The racing was awsome under the lights. On the initial start I think we all went into the first corner 8 wide not knowing what to expect! LOL It was a different experience but it was really cool to see how the cars reflected in the lights. We used led bulbs for the lights and had alot of trouble when we were building them. We kept loosing lights as we installed them. But after alittle google research I found out I needed resistors on the lights and now they are very dependable! The track in in our 2 bay garage. So what we did was turned all of the lights off except for the light on the garage door opener in the bay beside the track. Which was also over the pit area. So that gave off the same moonlight effect you had. The track was still only lit up with its lights but that gave some light in the pit area so knowone was falling over the tables. We plan to have more races under the lights. We have had nothing but positive feedback from the racers about it. The night that we used them we had twin features. So the first feature was run normal and the second at "night".


----------



## 1976Cordoba

Racing under the lights is terrific . . . back in '94 when I first built up my bullring oval I strung white lights on poles around the track and we raced outside in the summer -- What a blast! I even went to the second floor of the house and got a 'blimp' shot of the track all lit up :thumbsup:

Nice looking llittle speedrome ya got there


----------



## FOSTBITTEN

We have met each other once or twice briefly & I worked with your Uncle. I will have to make that looonnnng trip across town to see you guys run, I know I will not be able to just stand & watch before I want to race too. (a trip from the west side of Winchester to the east side is about 15 minutes) 

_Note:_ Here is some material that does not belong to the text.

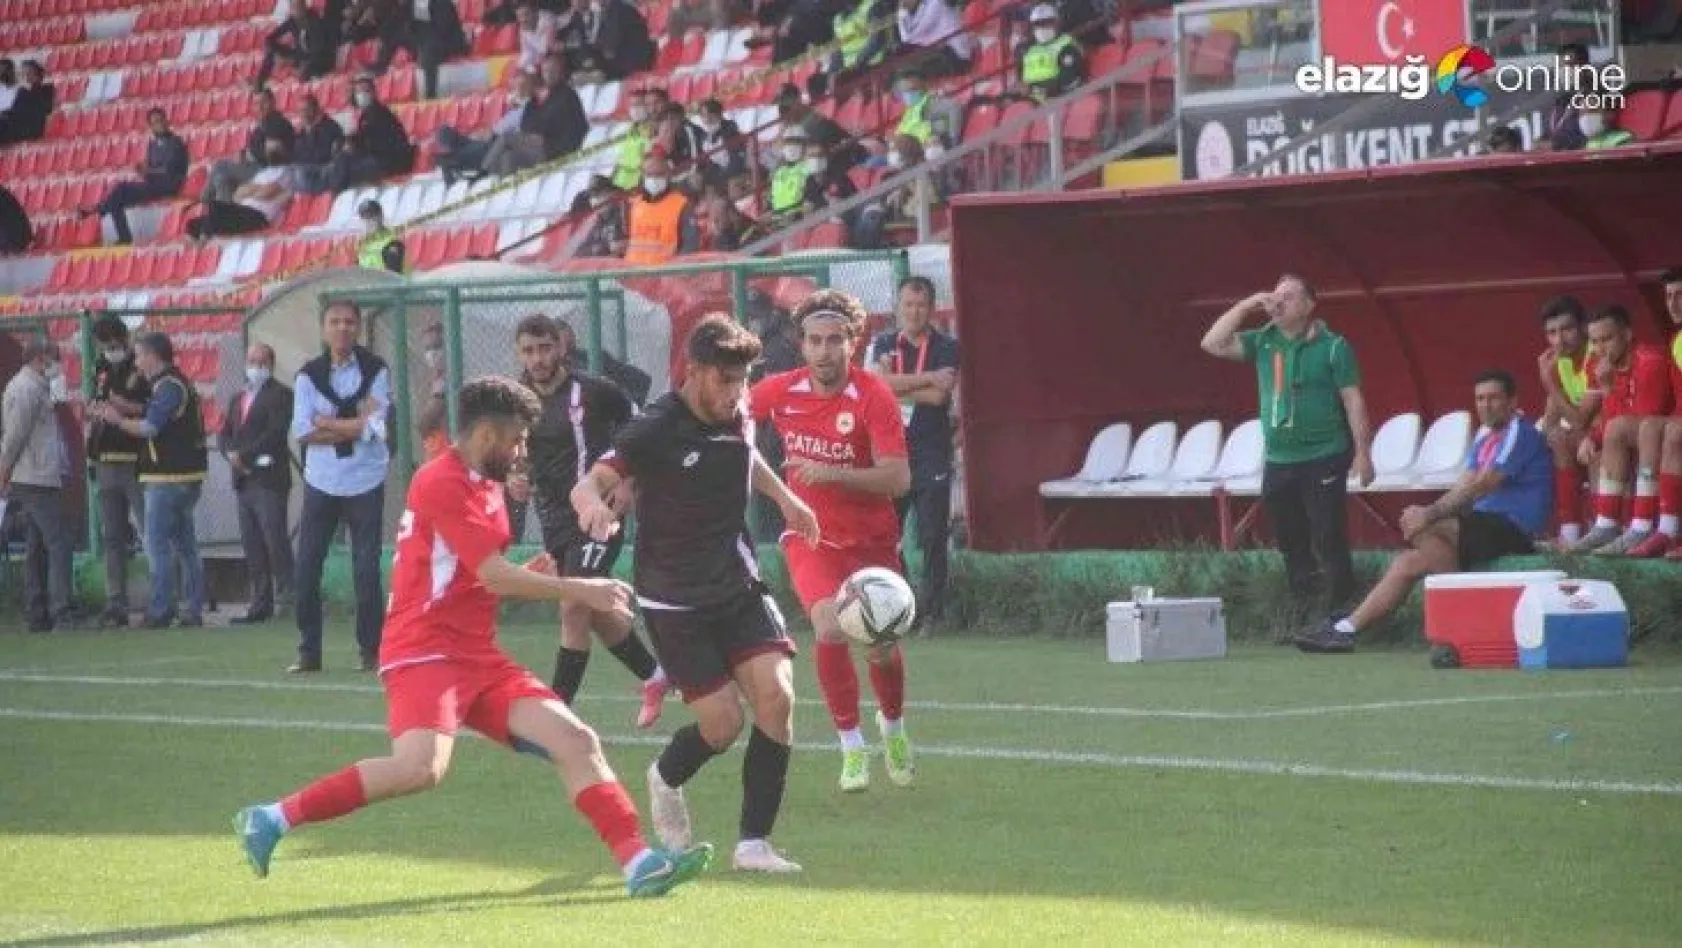 Elazığspor evinde karşılaştığı Çatalcaspor'u 4-3 mağlup etti

If I can get my stuff in order I will get you guys to come over and race some HO LM's on the high banks of Carolina Motor Speedway!


----------



## Hottle19

Sounds good! Are season starts October 19 but right now we have some guys coming out on tuesday nights for open pracitce from 6:30-8:30. Feel free to stop by on a tuesday if you want. Heck I'll even give you a car to try out while your here. It's addicting. We just got sponsored by 2013 world100 winner John Blankenship and the NDRL series! They add to the sponsors we already have that includes Lucas Oil and DirtonDirt. Do you race Ho's with Frenchy Bennignton?


----------



## FOSTBITTEN

No I have never met Frenchy I am just playing around in my basement. I need to get some timing & scoring up and running. Also more of a permanent setup is in need too. 

Yeah thanks for the invite to use a car. Your just like a drug dealer. Give me the 1st one & then make me pay for everyone after that. Thanks again.:wave:


----------